Return all of the data below verbatim and exclude every picture.

[GIVEN DATA — start]

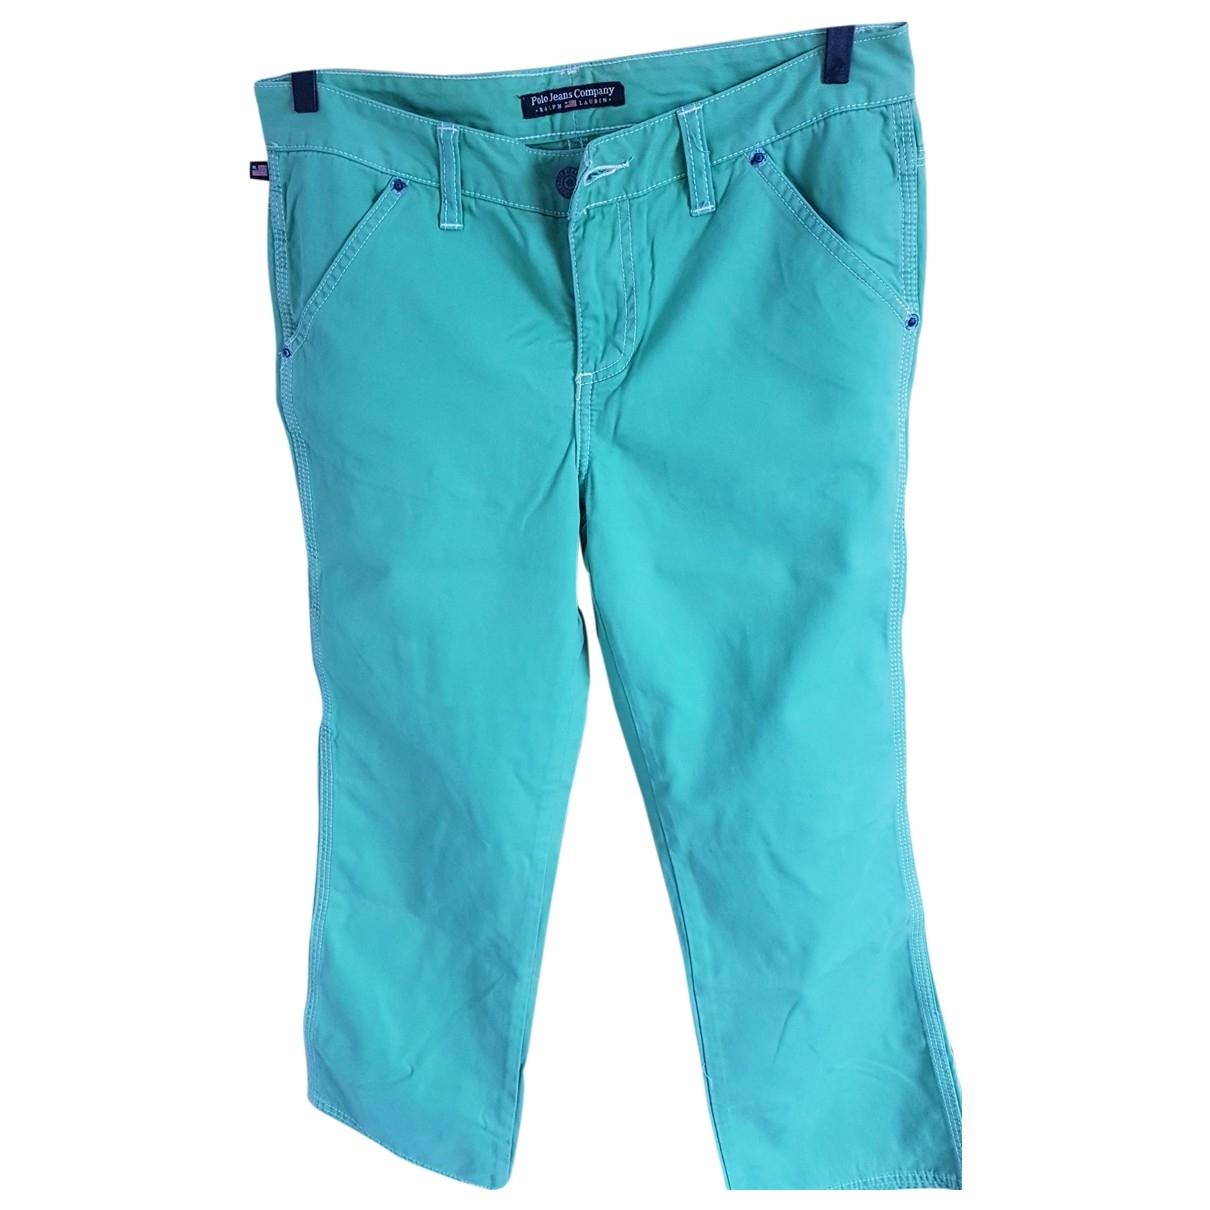 Polo Ralph Lauren \N Green Cotton Trousers for Women 32 FR
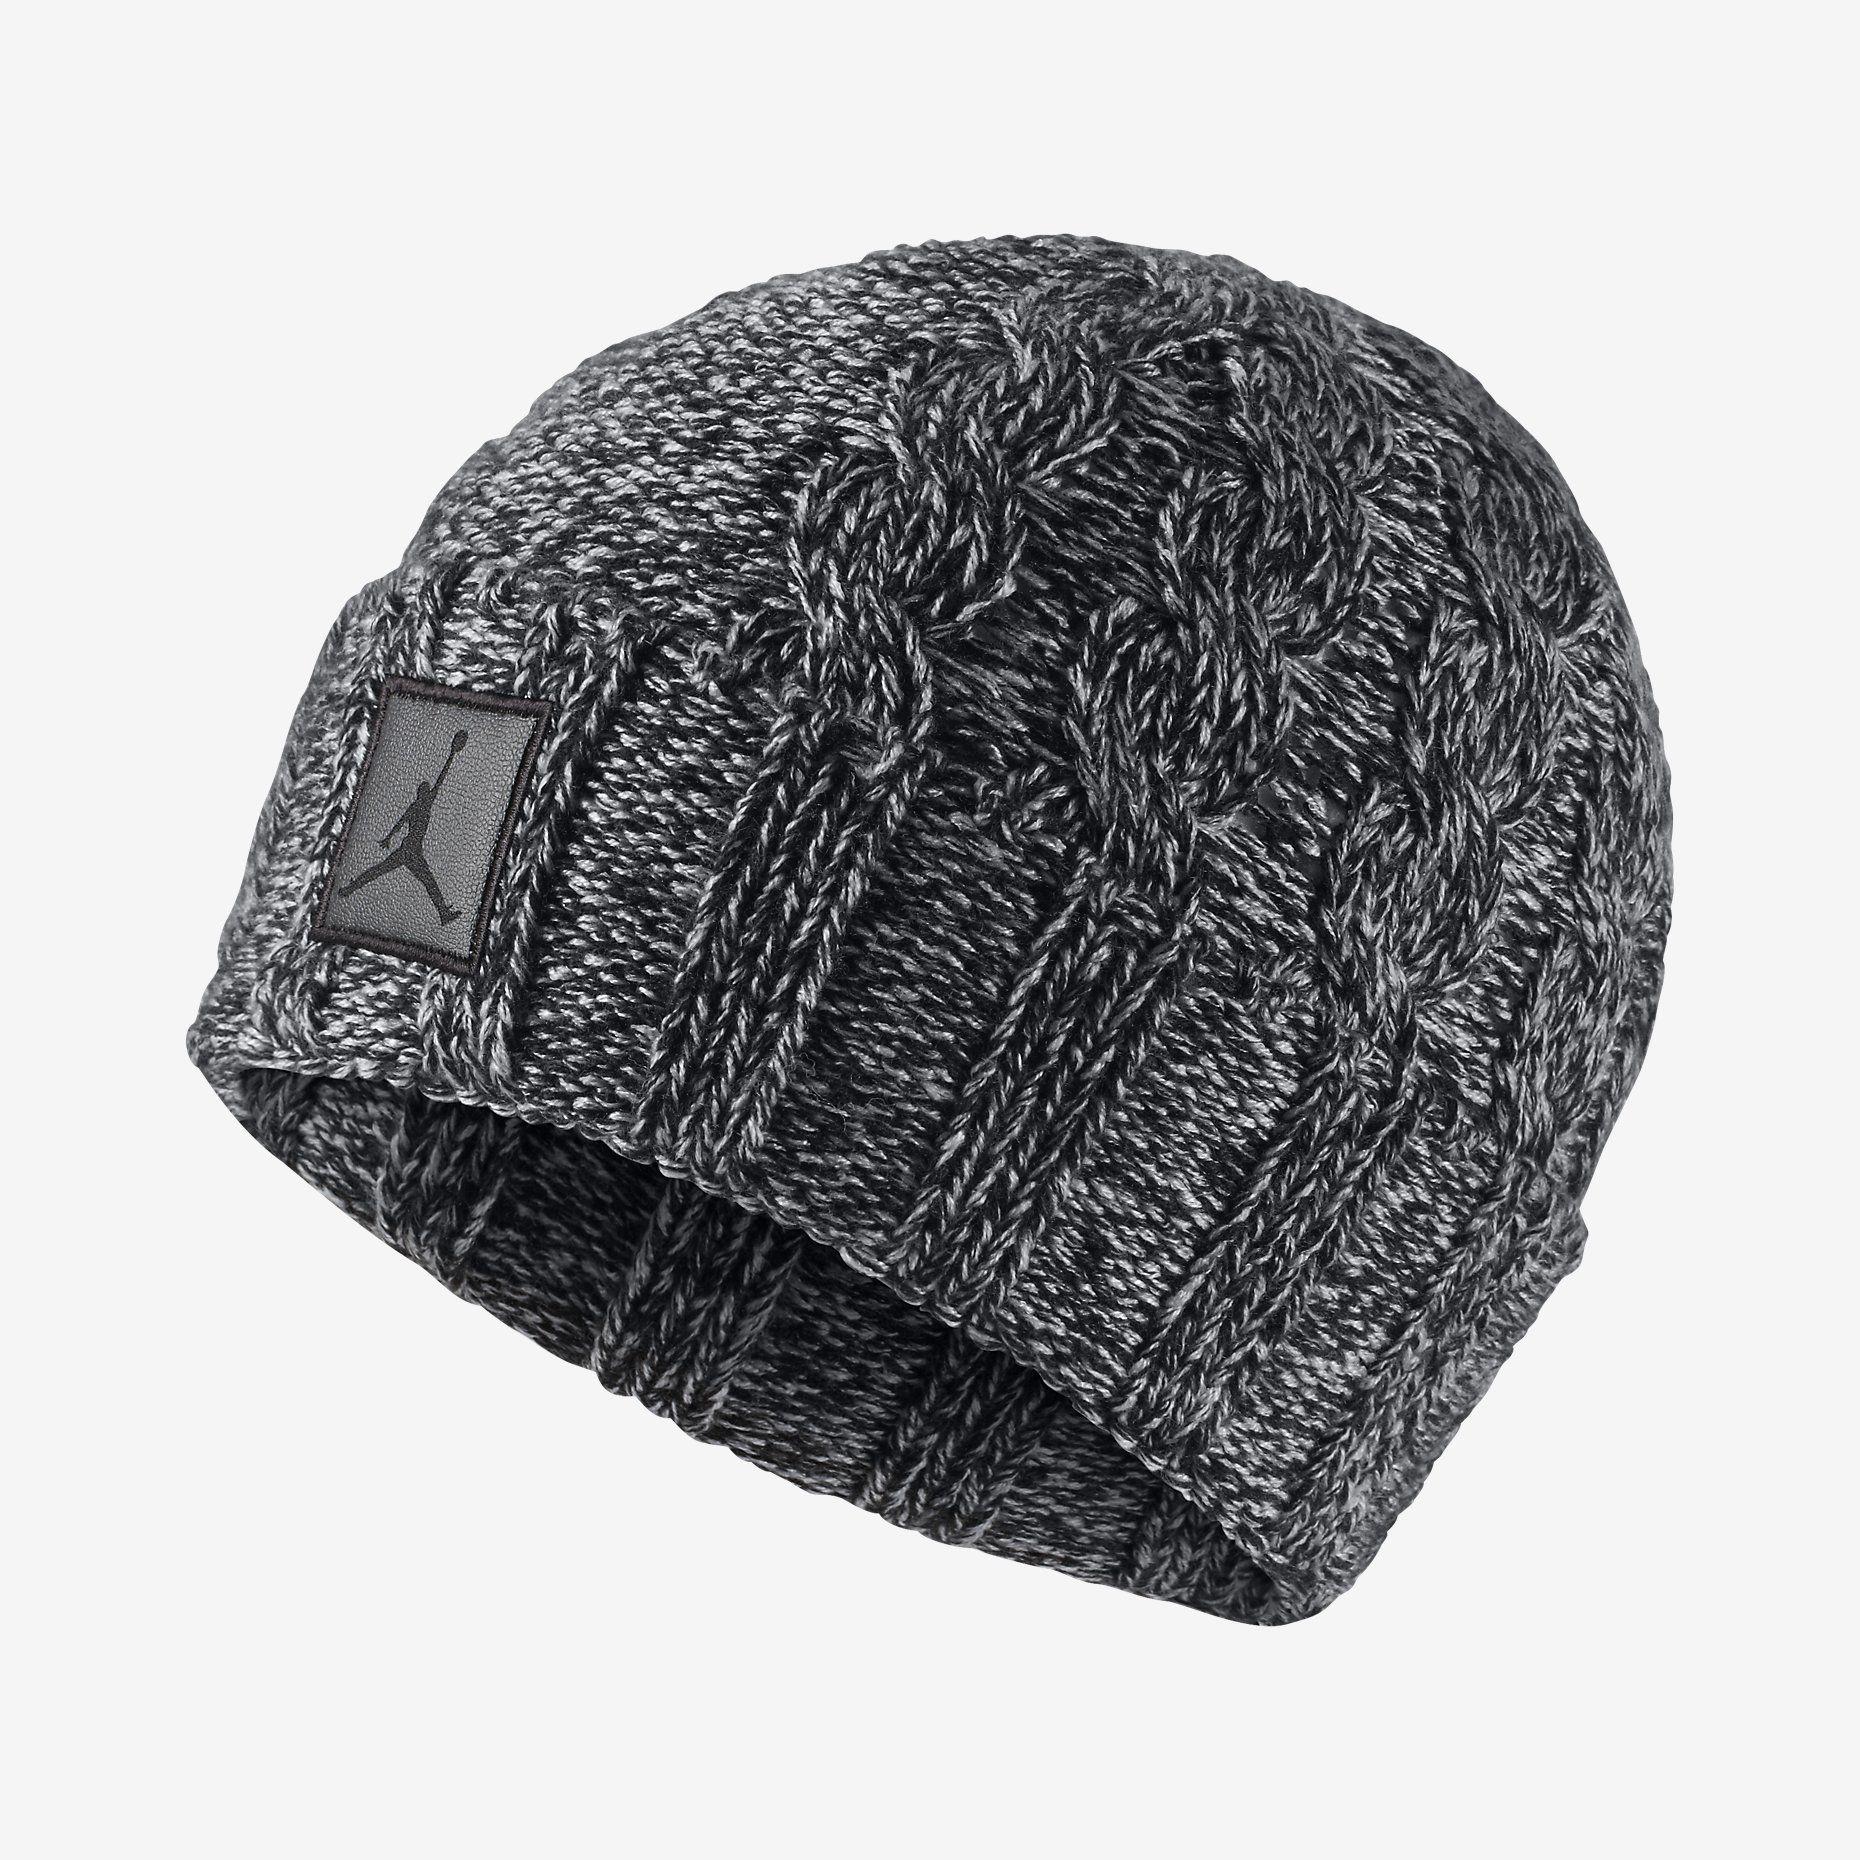 ... switzerland jordan heathered cable knit hat. nike store uk 67471 5d719  ... 862affa1f236
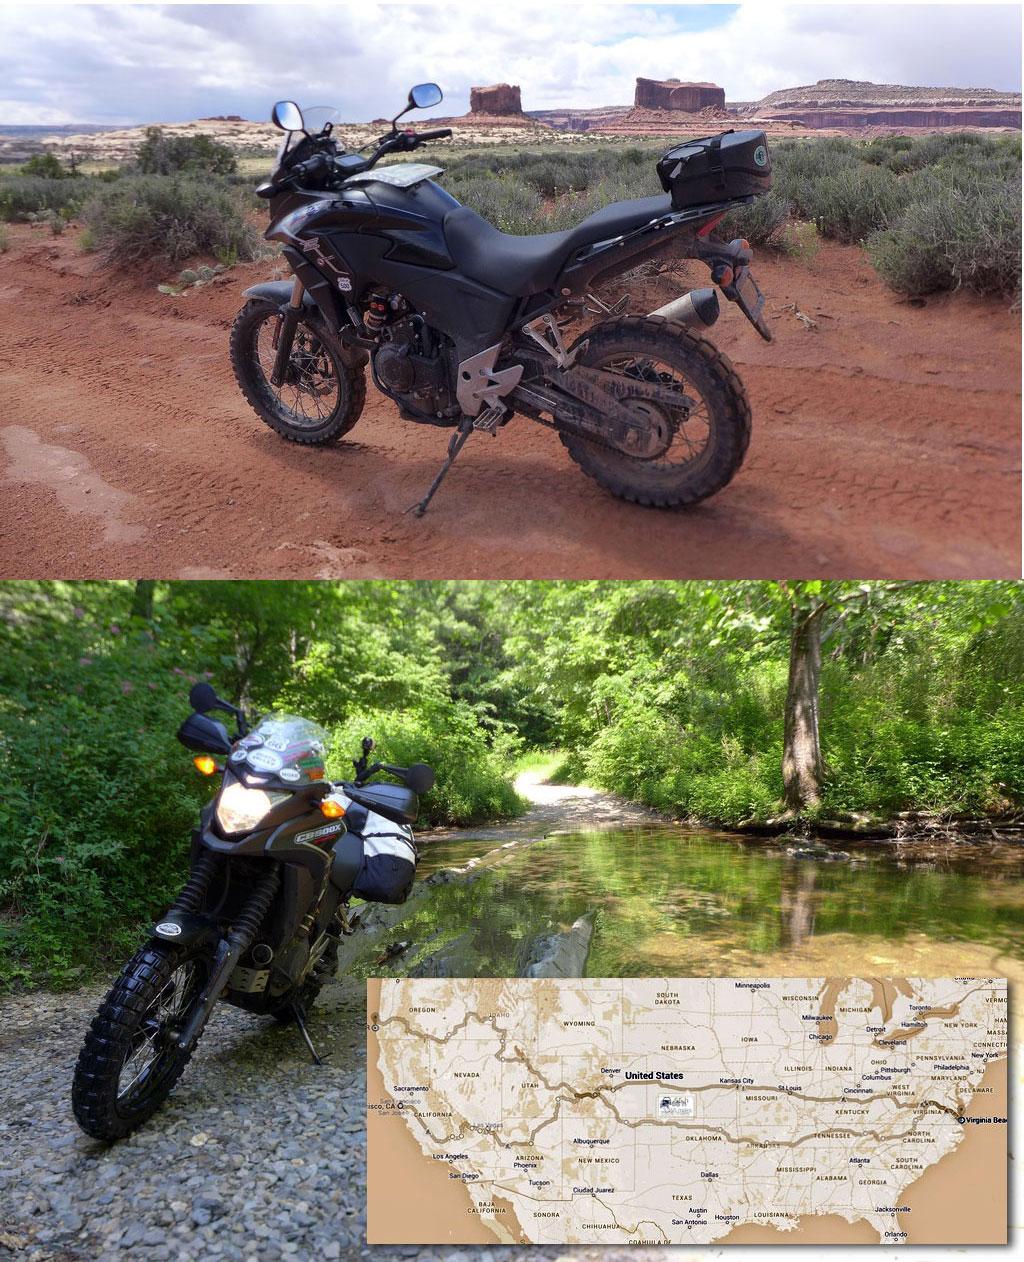 Honda cbx 500 review - You Can Read About The Full Development Jmotat
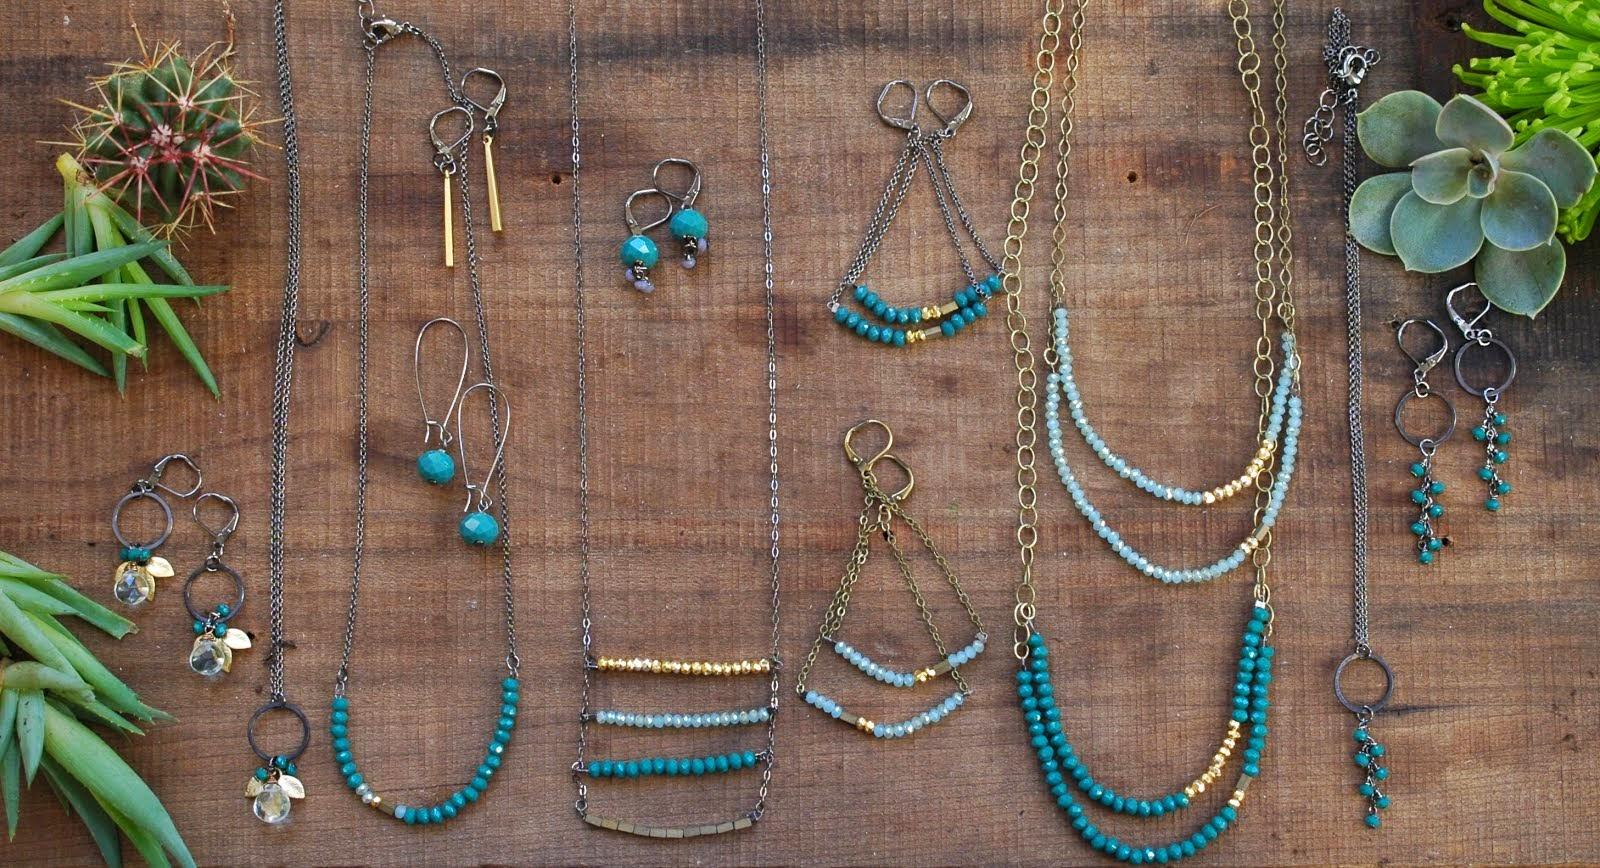 harlow jewelry

[GIVEN DATA — finish]

RESPONSE.
 Polo Ralph Lauren \N Green Cotton Trousers for Women 32 FR
 ... switzerland jordan heathered cable knit hat. nike store uk 67471 5d719  ... 862affa1f236
 Honda cbx 500 review - You Can Read About The Full Development Jmotat
 harlow jewelry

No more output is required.